At this point, after wrestling for over a decade, he’s used to winning.

He learned that from his father, Jim Lauridsen. Part Nostradamus of names, part mentor, part coach, he has been along for the ride from the very beginning. 

“My dad has coached me pretty much my whole life, until I got to high school.” Lauridsen said, confirming the steadying hand that’s been guiding his rapid ascent has been there all along. “At the end of my freshman year, we moved to Bennington. It was only because of wrestling.”

That’s because that’s where coach Alan Pokorny has been finding the uncut diamonds of young, tough boys and making them into men that win on the mat for the past 34 years.

“On the mat, he is an intelligent wrestler,” Pokorny said. “He has a natural feel for wrestling, and picks up on new techniques real quick.” Pokorny is equally impressed by the heart that beats behind the singlet. “Off the mat, he treats others very well and is a good teammate to everyone, no matter what grade or how good a wrestler they are.”

Although he competes in a one-on-one sport, Lauridsen is quick to share credit. 

One of those coaches he credits, former Bennington sensation Brett Allgood, was one of the many elite performers for the Badgers in years past. 

“They’ve all helped me improve a lot, helped me with a bunch of little things. He [Allgood] was a four-timer [state champion] from Bennington. He has the takedown record for Class B. He tells me, ‘hey, records are made to be broken.’” 

Also on Lauridsen’s team is the club known as The Best Wrestler, which focuses on the technique/speed hybrid Delchev system and is led by its founders, Olympic coach Ivan Delchev and his son, former Olympian Georgi Ivanov.

“I’ve been working with him about two-and-a-half years maybe,” Ivanov said. “A lot of people don’t know that in order for you to continue to be successful [in wrestling], you have to keep developing at a rapid pace. We’ve been able to help develop him as a whole. You’re going to continue to see results.”

At the time of the interview, Lauridsen was in a brief lull in his otherwise jam-packed schedule. 

“My offseason is pretty much three weeks,” he said, having just returned from competing internationally at a cadet level in the Pan-American games in Oaxtepec, Mexico. He brought home a slew of hardware, replete with a sparkling 42-1 point total and a 4-0 record for the gold medal in the freestyle competition, and he also won gold in the Greco-Roman division, beating wrestlers from locales such as Brazil and Chile.

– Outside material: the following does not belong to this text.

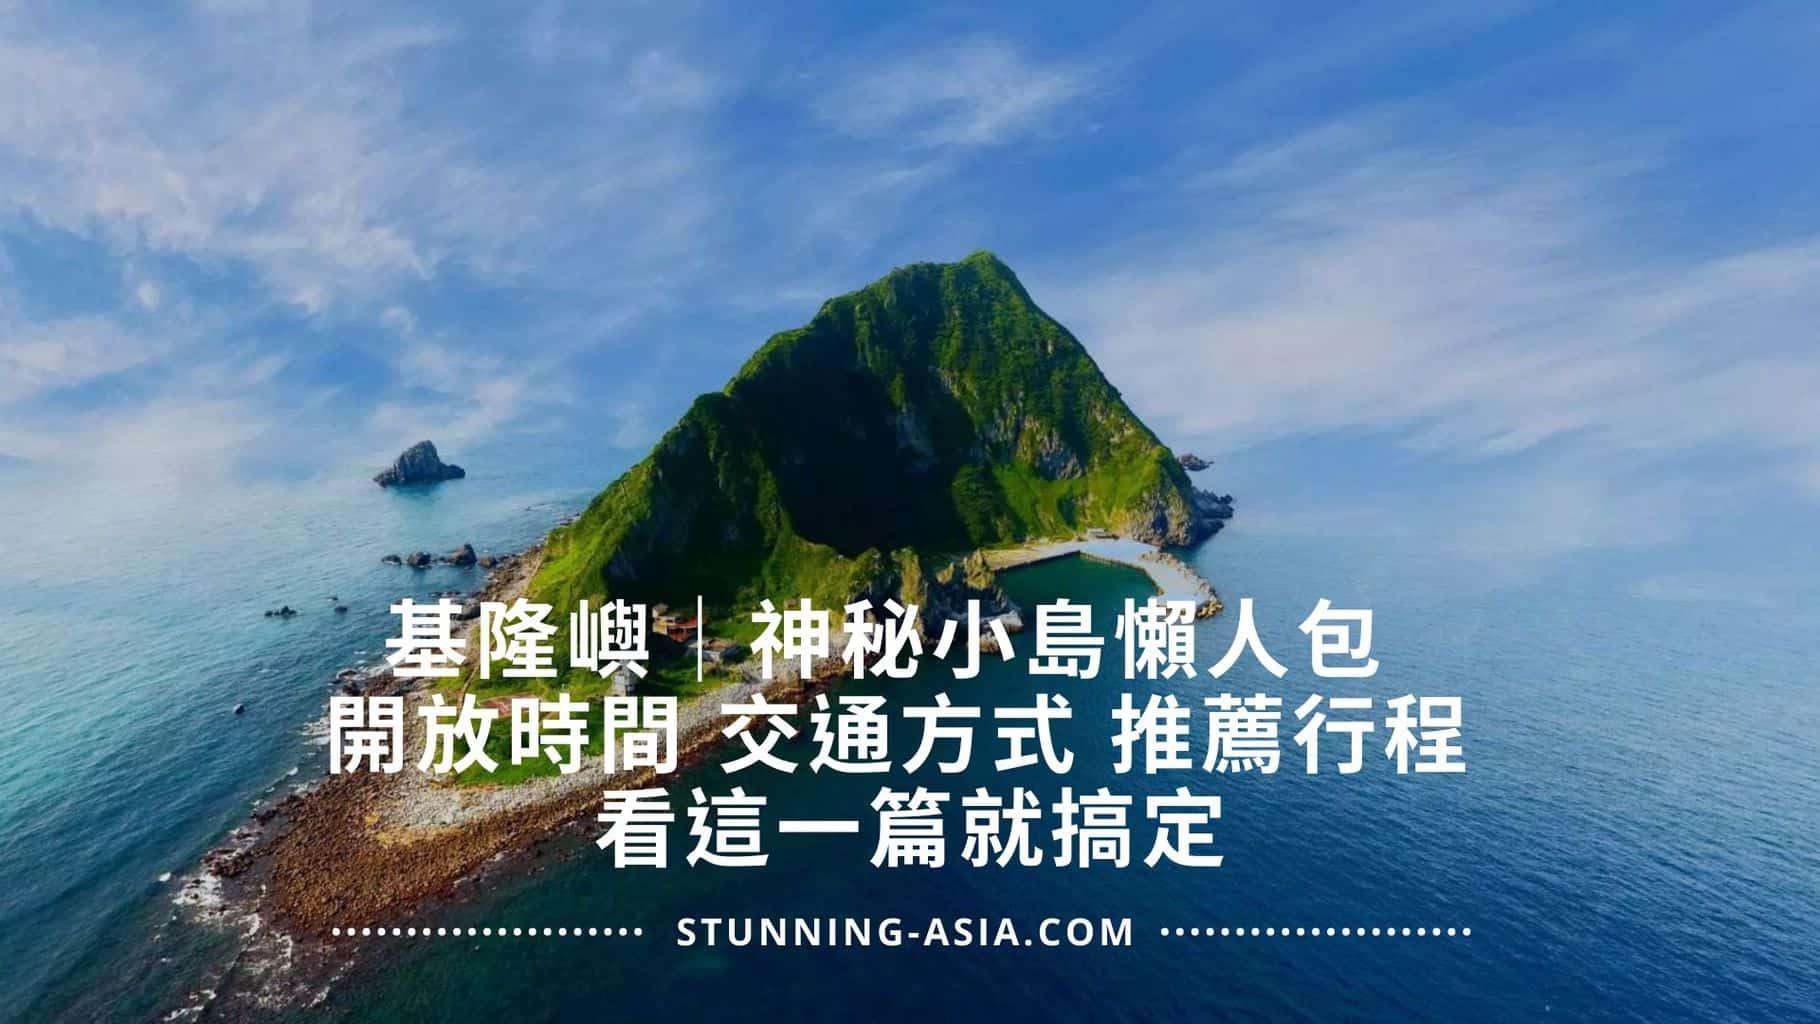 基隆嶼|神秘小島懶人包 開放時間 交通方式 推薦行程 看這一篇就搞定

Lauridsen is familiar with overseas competition, having wrestled abroad in world championships in Budapest and at mat battles in Estonia, and having trained with some of the best coaches and competition in the world in Greece.

“I mean, it’s fun, it’s a great experience, I love it. But when I go there, I’m dialed in on the tournament,” he said.

Delchev agreed, saying, “He’s a talented kid, but he’s really passionate for the sport. He’s really competitive. He’s really smart, he picks up things right away. That helps. He’s got great technique.”

“When I’m training, my motivation is getting better every day,” Lauridsen said. “Because I want to be a world champ. I mean, I want to succeed after college. That’s what keeps me motivated.” This is more than merely lip service, as he has been training 5-to-6 days a week against all the competitors he can get his hands on, even during the COVID-19  pandemic.

“Kael’s future with us looks very good,” Pokorny said. “He is on track to win four state championships, and I believe he can do it if he stays healthy. He [has] also made good progress in areas that I thought he needed to improve on so far and has more to go. I feel he will get there because of the progress he has made so far.”

Future predicted. Future earned. Future still to come. Lauridsen is ready to take down whatever comes next.